Personne ici ne s'intéresse à ces deux superbes téléphones ?


----------



## bill clinton (13 Octobre 2007)

Si c'est du windows mobile dessus tu peux faire une synchro avec le logiciel Missing Sync... ca fait un an que ca marche pour mon samsung i320... Ical et les contacts... 

Voilou.`



Bill


----------



## CCharless (13 Octobre 2007)

Ben non, ils ne tournent pas sous windows mobile...
Personne ne possède un des deux ?


----------



## robinet :) (13 Décembre 2007)

Bonjour,

J'ai utilisé la methode cité par CCharles et j'ai réussi a faire reconnatre mon J600 par bluetooth, mais iSync ne le prend pas en charge.

Donc, j'ai sais echanger des fichiers par bluetooth mais je ne sais pas synchroniser mon répertoire.

C'est déjà ça!


----------



## robinet :) (13 Décembre 2007)

Re-bonjour à tous

Voi-la après avoir tester cette methode en remplaçant des divers plugins disponibles dans iSync (sony ericsson, motorola), j'ai réussi a avoir la synchronisation, par bluetooth, avec le carnet d'adresses.

Le plugin utilisé comme base a été le samsung X820. J'ai essayé par le cable USB, mais je n'ai pas réussi.

Pour que ça marche bien, remplacez aussi X820 par J600 dans tous le fichiers plist. Normalement il y a que le info.plist à modifier.

Et pour faire jolie, j'ai egalement remplacé la petite photo du GSM X820 par une photo de mon J600 rose. J'ai appellé le fichier egalement "com.samsung.J600.tiff".

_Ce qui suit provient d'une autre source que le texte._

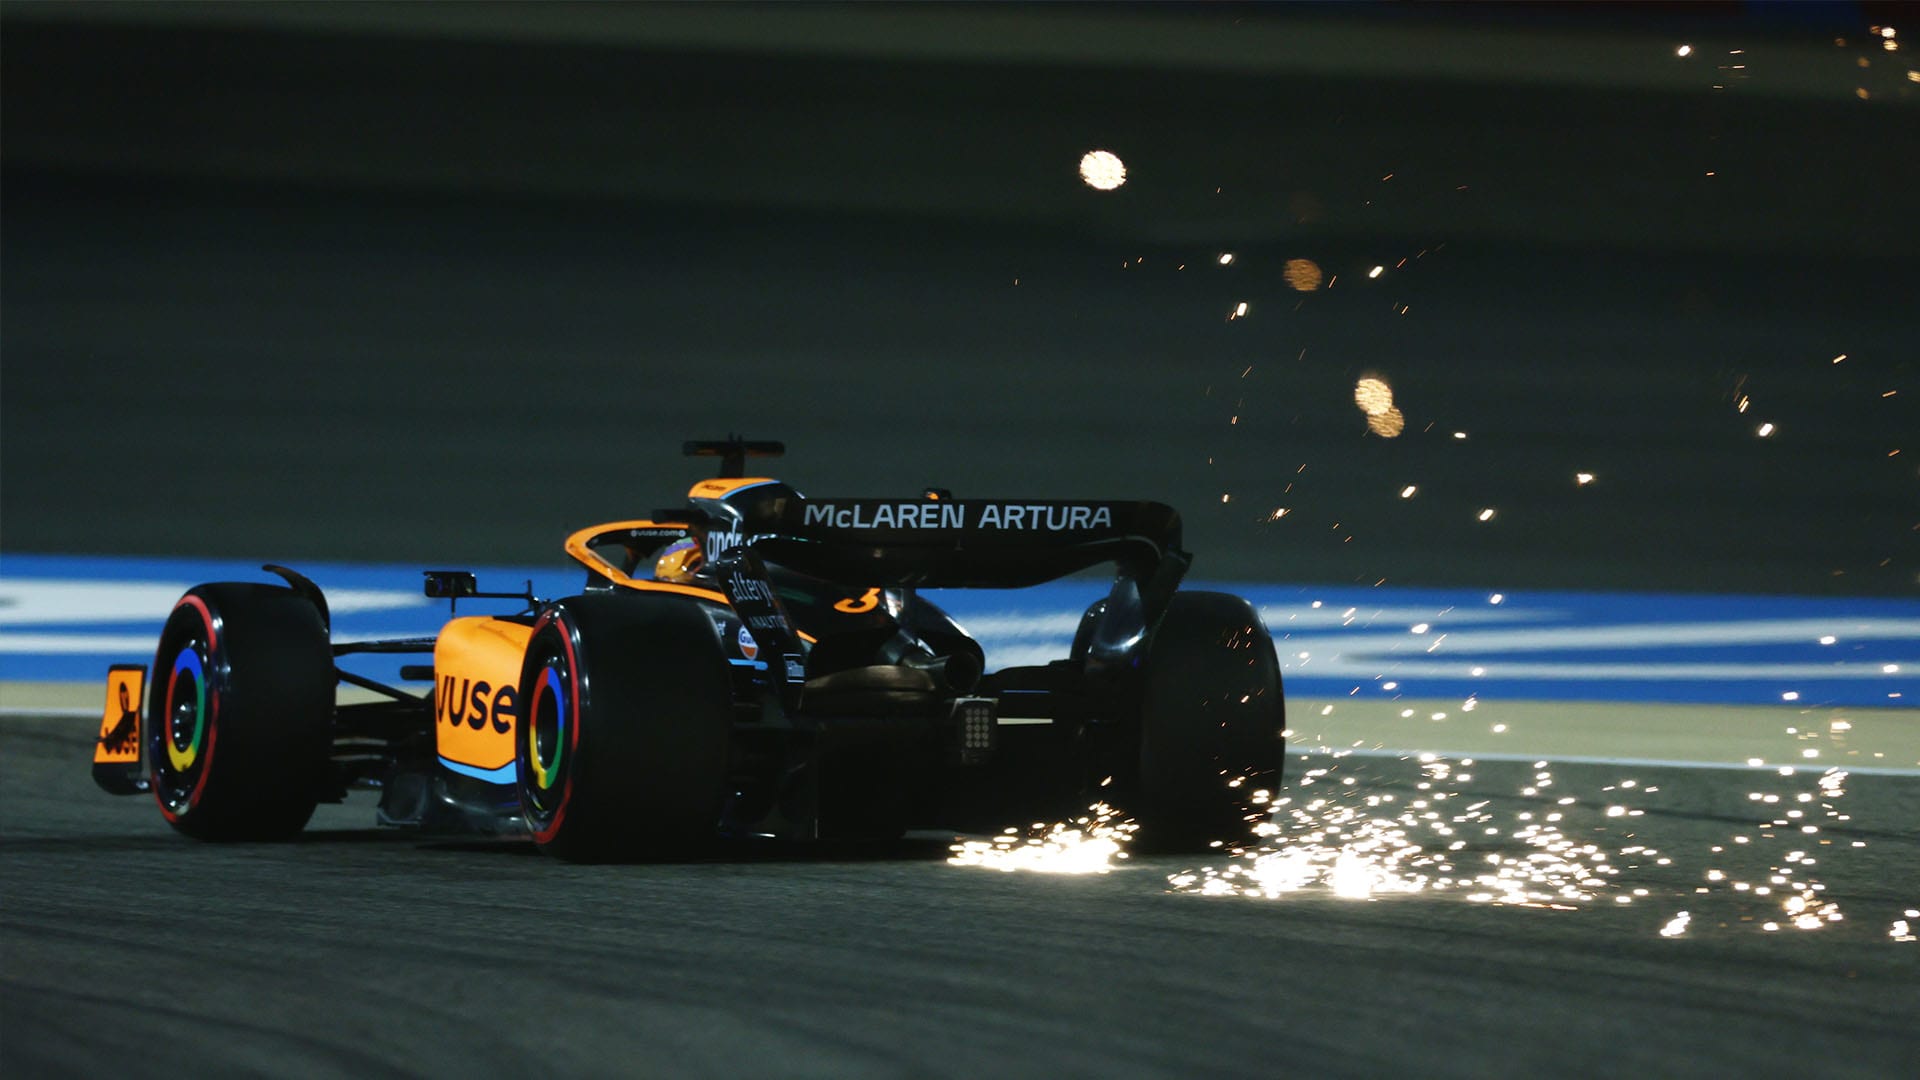 LIVE COVERAGE - Qualifying in Bahrain | Formula 1®
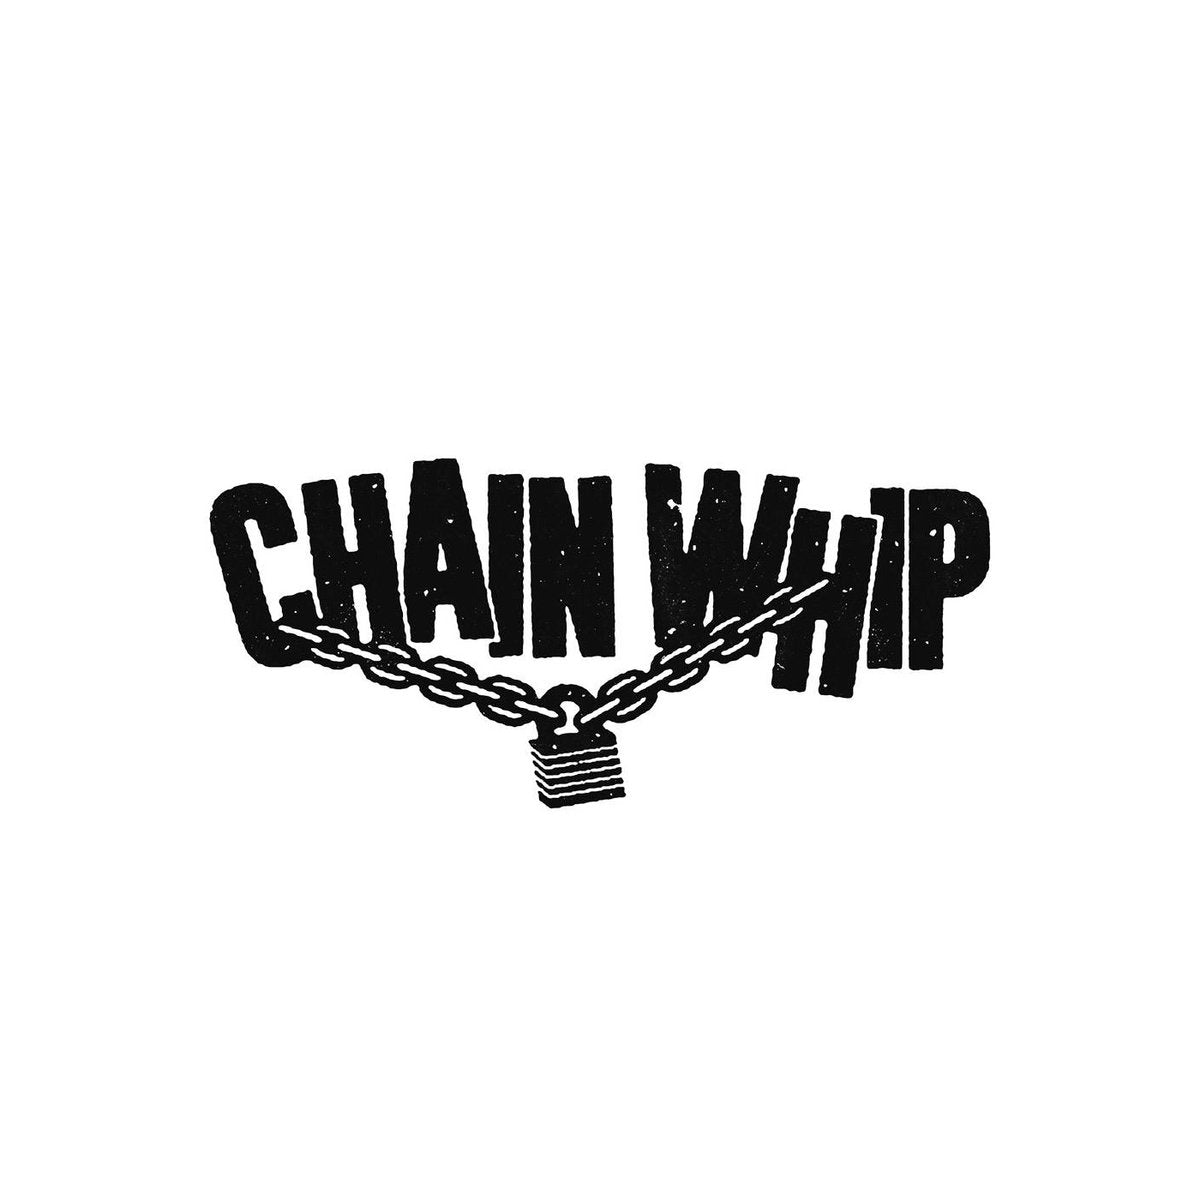 Chain Whip - s/t 7" - Vinyl - Dirt Cult

Bon, j'espère que vous seriez contents maintenant. Je l'ai reçu aujourd'hui et je voulait absolent réussir, vu que je suis têtue!!!



Seulement pour preciser. Si j'essaie d'ajouter mon appareil par iSync directement, cela ne marche pas. Par contre si je vais en bluetooth>configurer un appareil bluetooth, ça marche.

iSync synchronise seult les contacts enregistrés sur l'appareil et non ceux qui sont sur la carte SIM.


----------



## CCharless (13 Décembre 2007)

YYYesss !!!!
Excellente nouvelle nouvelle ça.
Je n'attendais que ça pour me l'acheter, ce J600 : une confirmation qu'on pouvait le synchroniser.
Merci pour l'info.


----------



## CCharless (1 Février 2008)

Maintenant que je suis sous Leopard, je vais me lancer dans l'achat de ce samsung.
Quelqu'un d'autre a-t-il essayé la méthode de robinet avec succès ?
robinet, toujours rien à signaler ?  ca marche toujours ?


----------